- **GIVEN RECORDS**
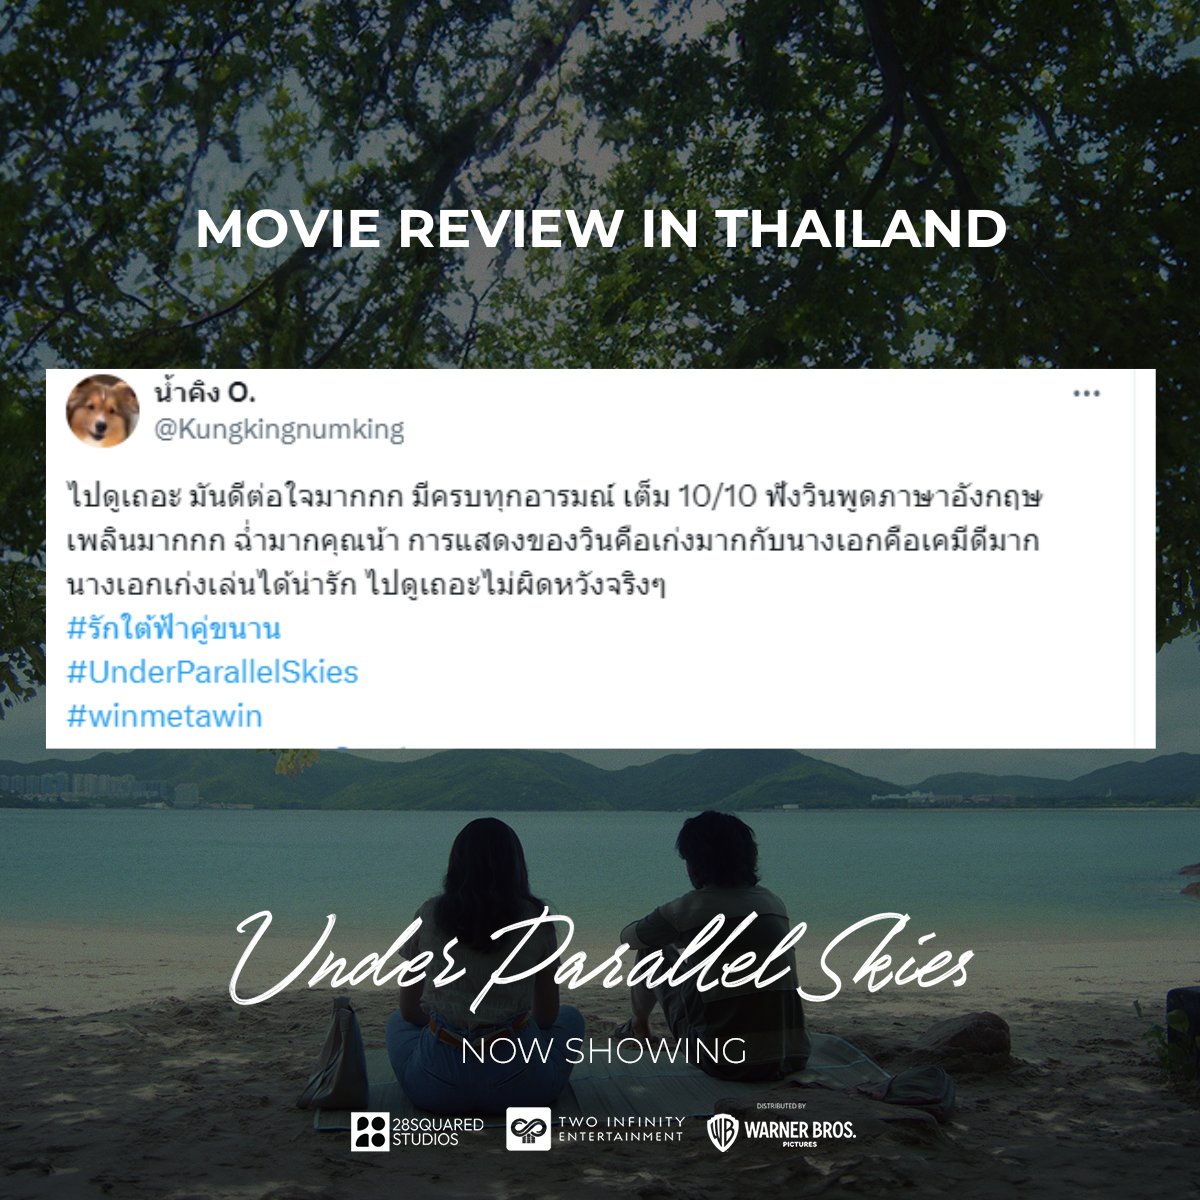 MOVIE REVIEWS ON #UNDERPARALLELSKIES IN THAILAND

ร่วมสัมผัสประสบการณ์ การเดินทางแห่งรัก และการไขว่คว้าหาความสุข.

นำแสดงโดย วิน เมธวิน และ เจเนลลา ซัลวาดอร์ รับชม 'รักใต้ฟ้าคู่ขนาน - Under Parallel Skies' ได้แล้ววันนี้ในโรงภาพยนตร์ทั่วประเทศ! #UnderParallelSkies #WinMetawin…
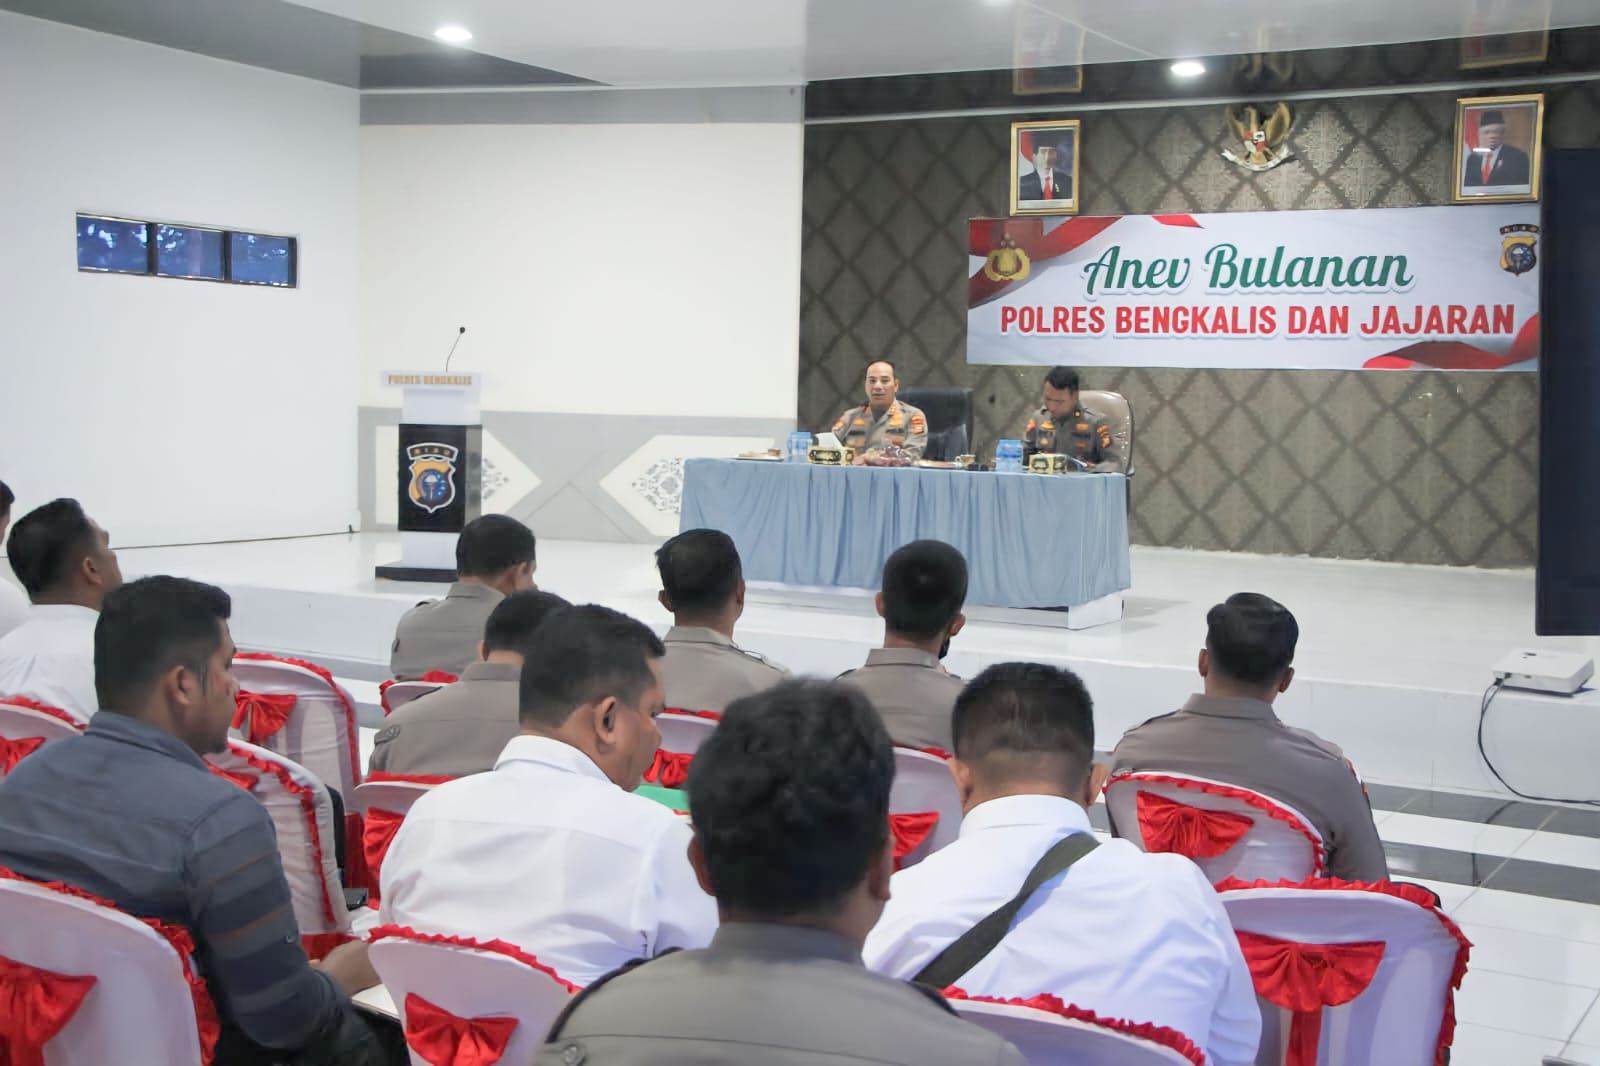 Evaluasi Kinerja Jajaran, Kapolres Bengkalis AKBP Indra Wijatmiko Pimpin Anev Bulanan
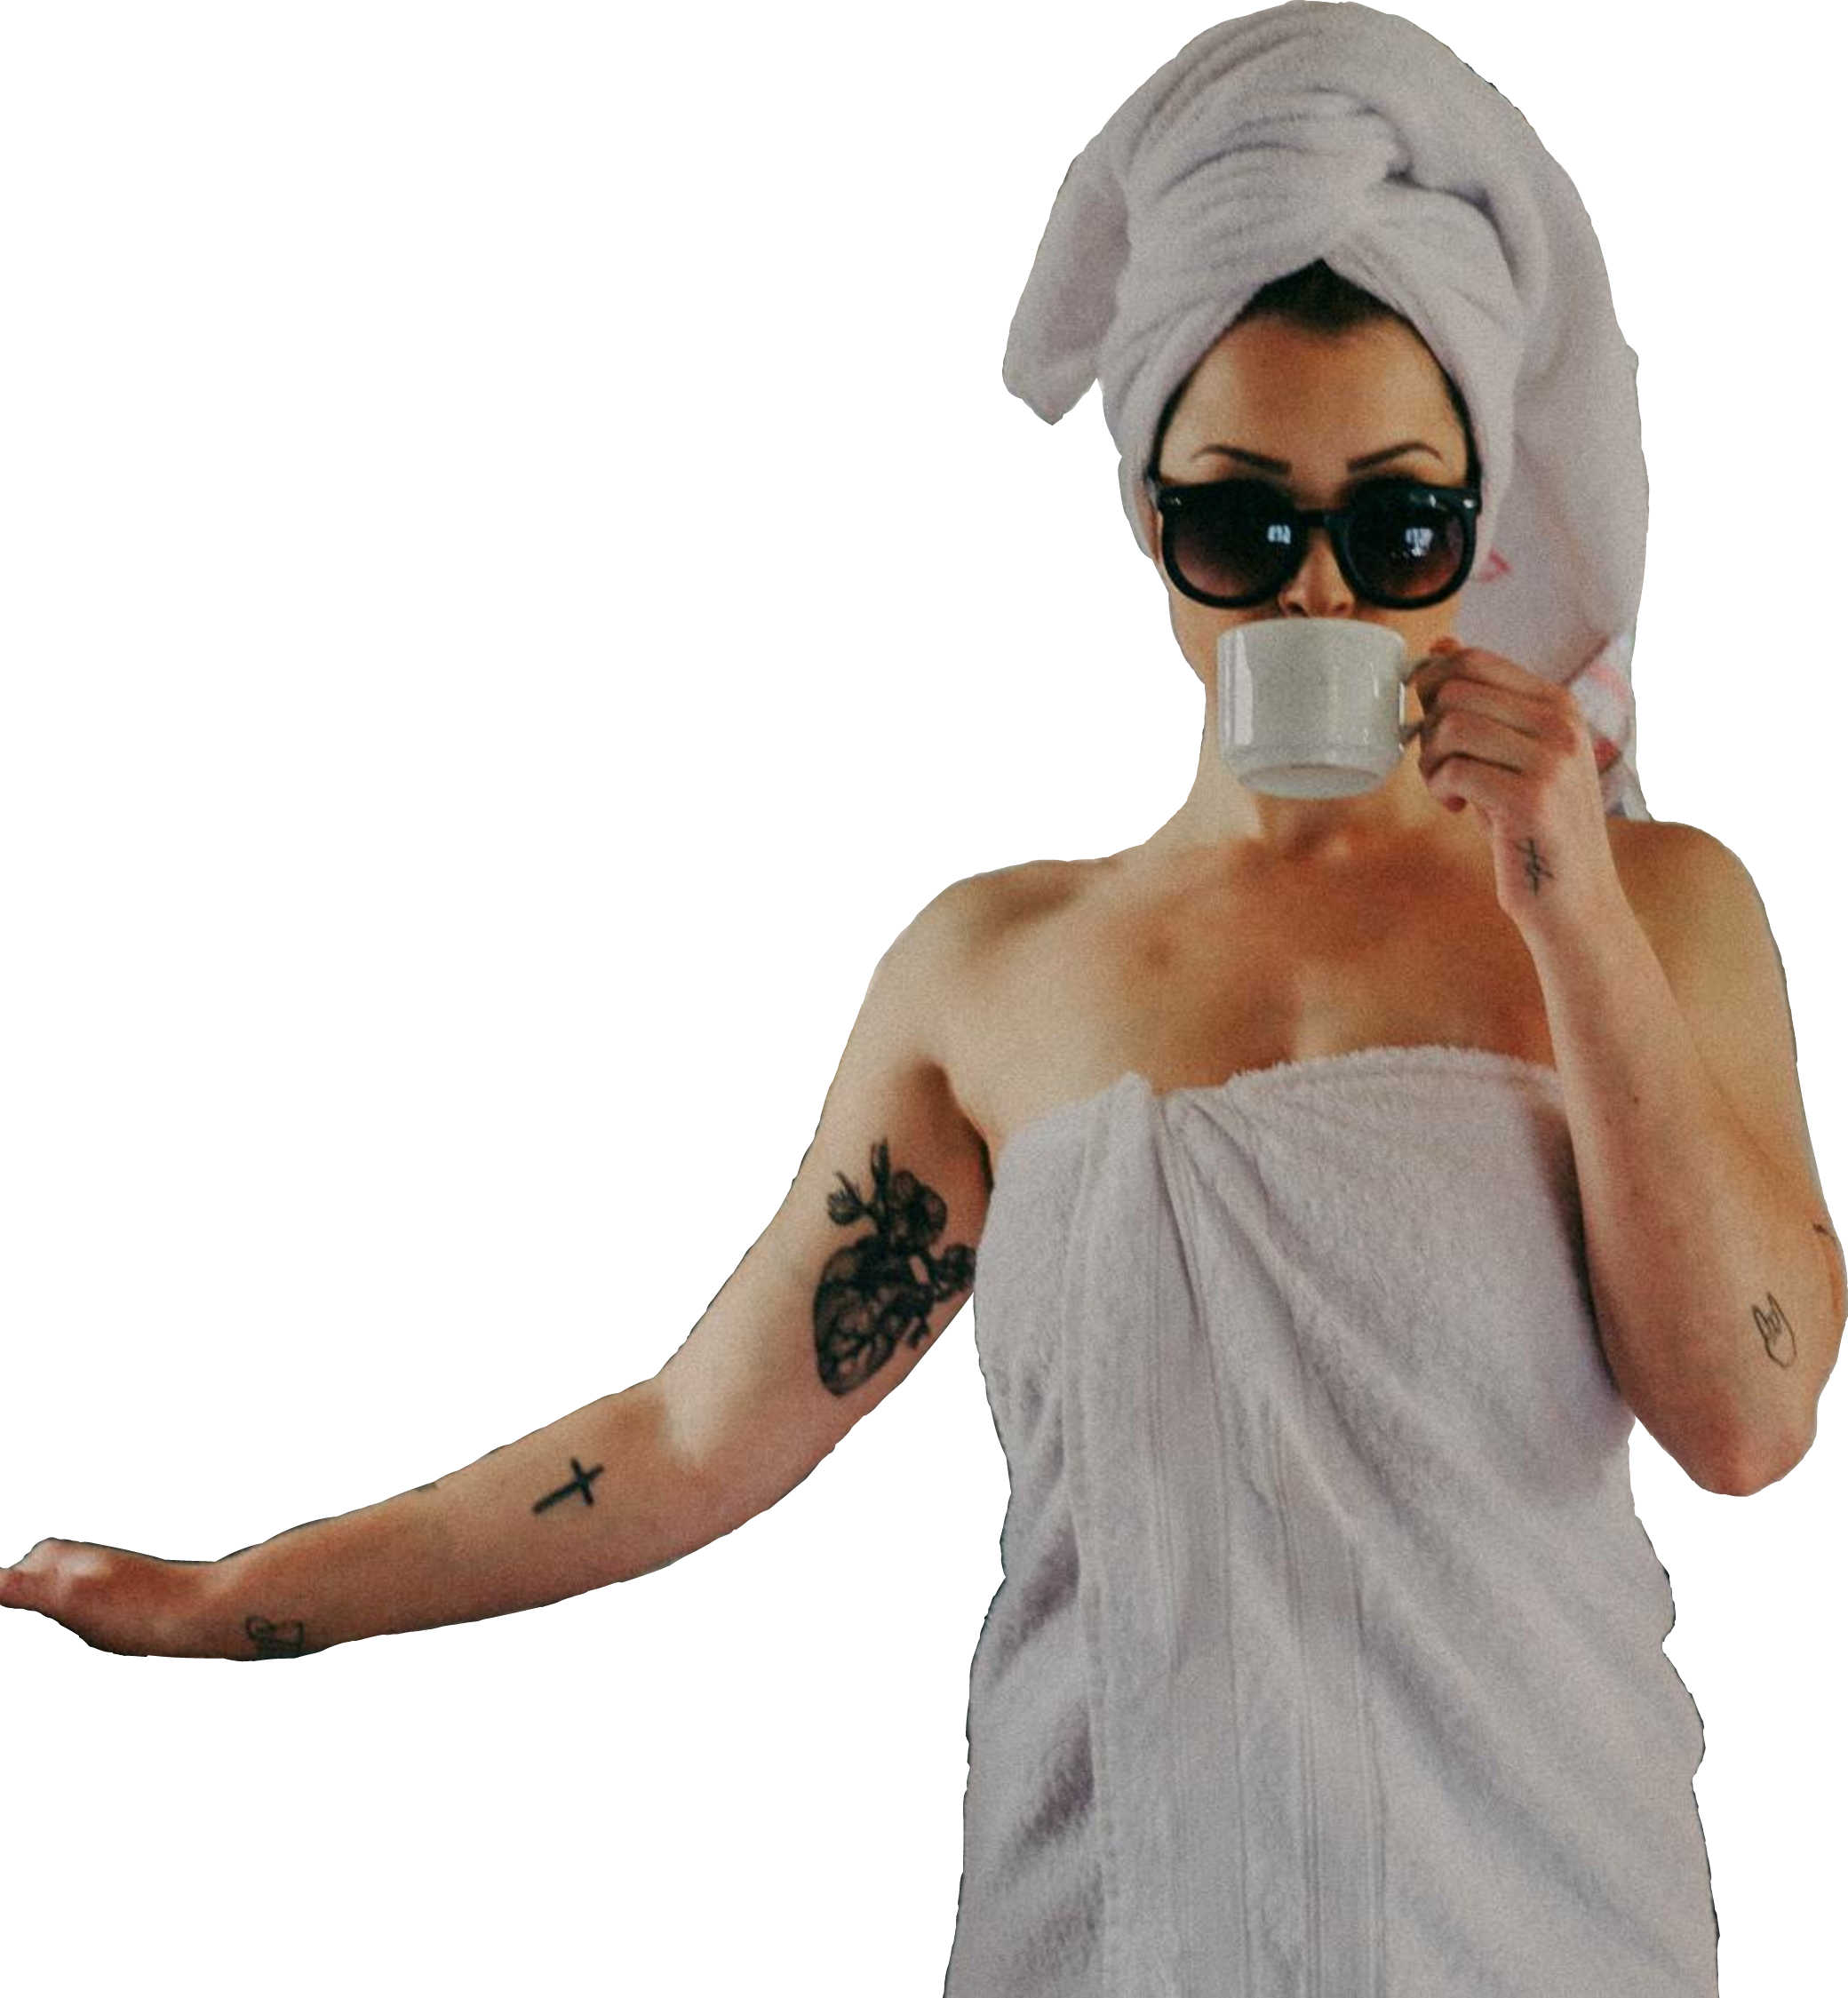 Girl Towel Bath Art Freetoedit Sticker By Pix Pics

- **TASK DIRECTIONS**
Would you set down every line of the data above exactly, skipping the pictures?

- **WRITTEN ANSWER**
 MOVIE REVIEWS ON #UNDERPARALLELSKIES IN THAILAND

ร่วมสัมผัสประสบการณ์ การเดินทางแห่งรัก และการไขว่คว้าหาความสุข.

นำแสดงโดย วิน เมธวิน และ เจเนลลา ซัลวาดอร์ รับชม 'รักใต้ฟ้าคู่ขนาน - Under Parallel Skies' ได้แล้ววันนี้ในโรงภาพยนตร์ทั่วประเทศ! #UnderParallelSkies #WinMetawin…
 Evaluasi Kinerja Jajaran, Kapolres Bengkalis AKBP Indra Wijatmiko Pimpin Anev Bulanan
 Girl Towel Bath Art Freetoedit Sticker By Pix Pics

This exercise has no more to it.